A survey of 314 IT professionals conducted by Dimensional Insight on behalf of Nobl9 found 69% have implemented SLOs, with more than three-quarters of those respondents crediting SLOs for preventing business disruptions. A total of 80% also noted their organization has an increased focus on system reliability, with just over a quarter (27%) saying SLOs saved their organizations a half million dollars or more. A full 95% said SLOs are also driving better business decisions.
However, 97% also reported it is difficult to manage SLOs because of a lack of reporting, lack of application and environment support and interoperability issues.
Nobl9 is trying to spur greater adoption of SLOs by making available an open source SLO specification that defines a common interface for constructing SLOs across a Git-based workflow. Nobl9’s platform based on that specification has now been integrated with 24 data sources, said Merker.

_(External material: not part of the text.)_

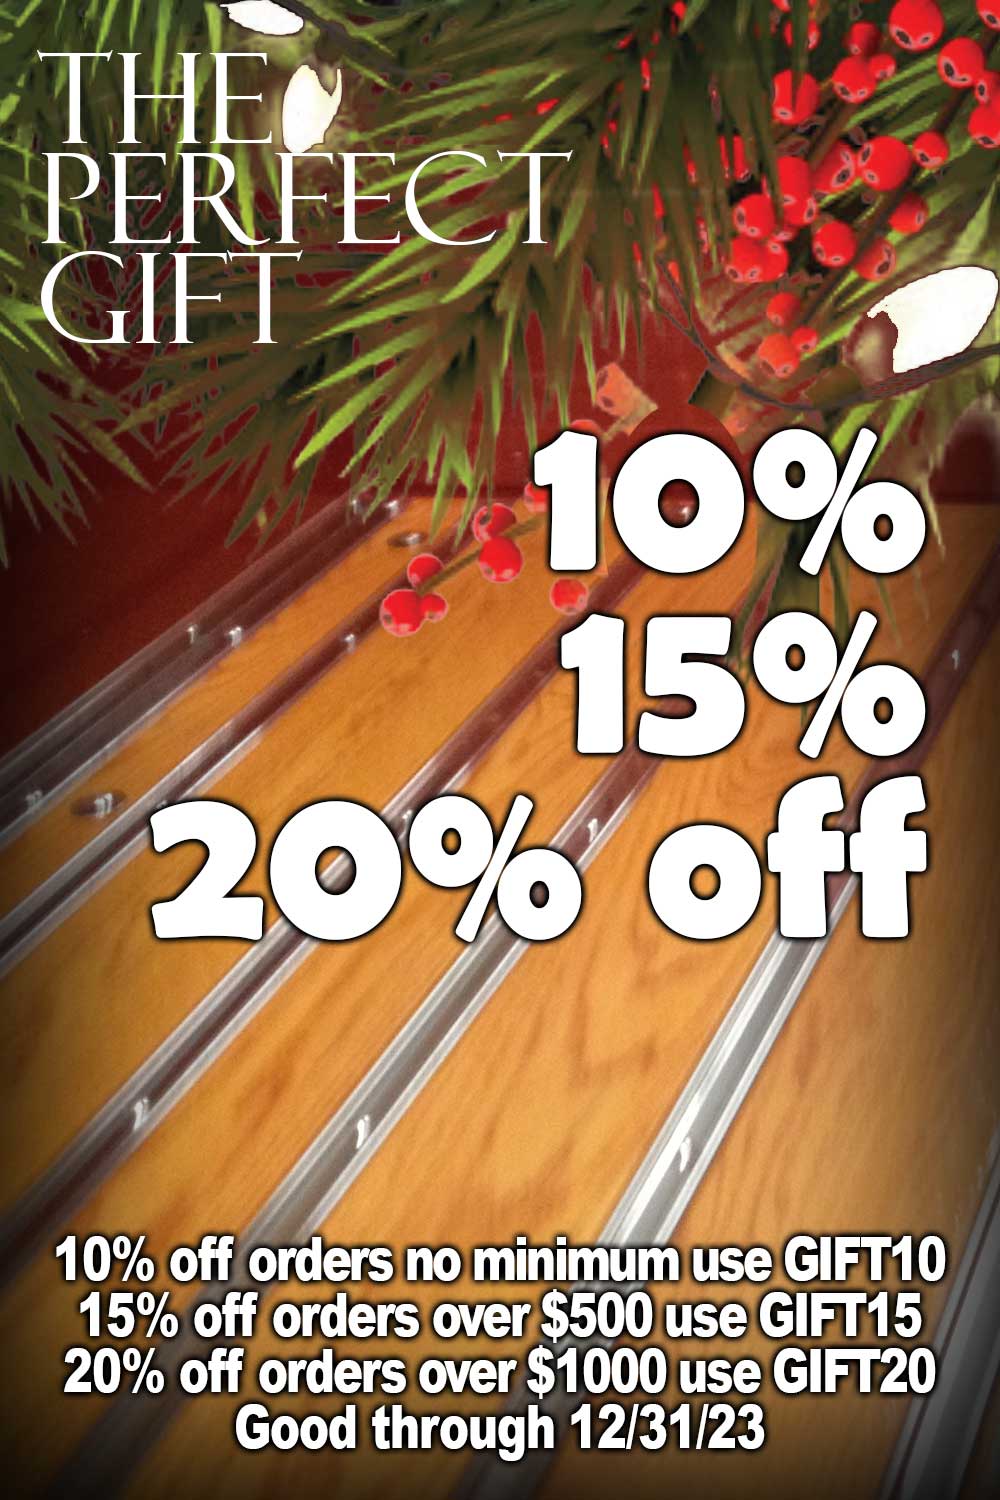 Up to 20% off! Good until 12/31/23

SLOs, of course, are not a new idea. They have been employed as a metric to track the performance of IT services for decades. However, as more microservices-based applications are built and deployed, it’s becoming more challenging to maintain SLOs across applications that have many more dependencies than legacy monolithic applications.
Ultimately, each IT team needs to provide some sort of objective benchmark that assesses their overall effectiveness at delivering application services. SLOs-as-code are intended to make it simpler to gather the metrics that confirm whether service levels are being achieved. Those SLOs are then tracked and integrated across any set of application services a DevOps team cares to track.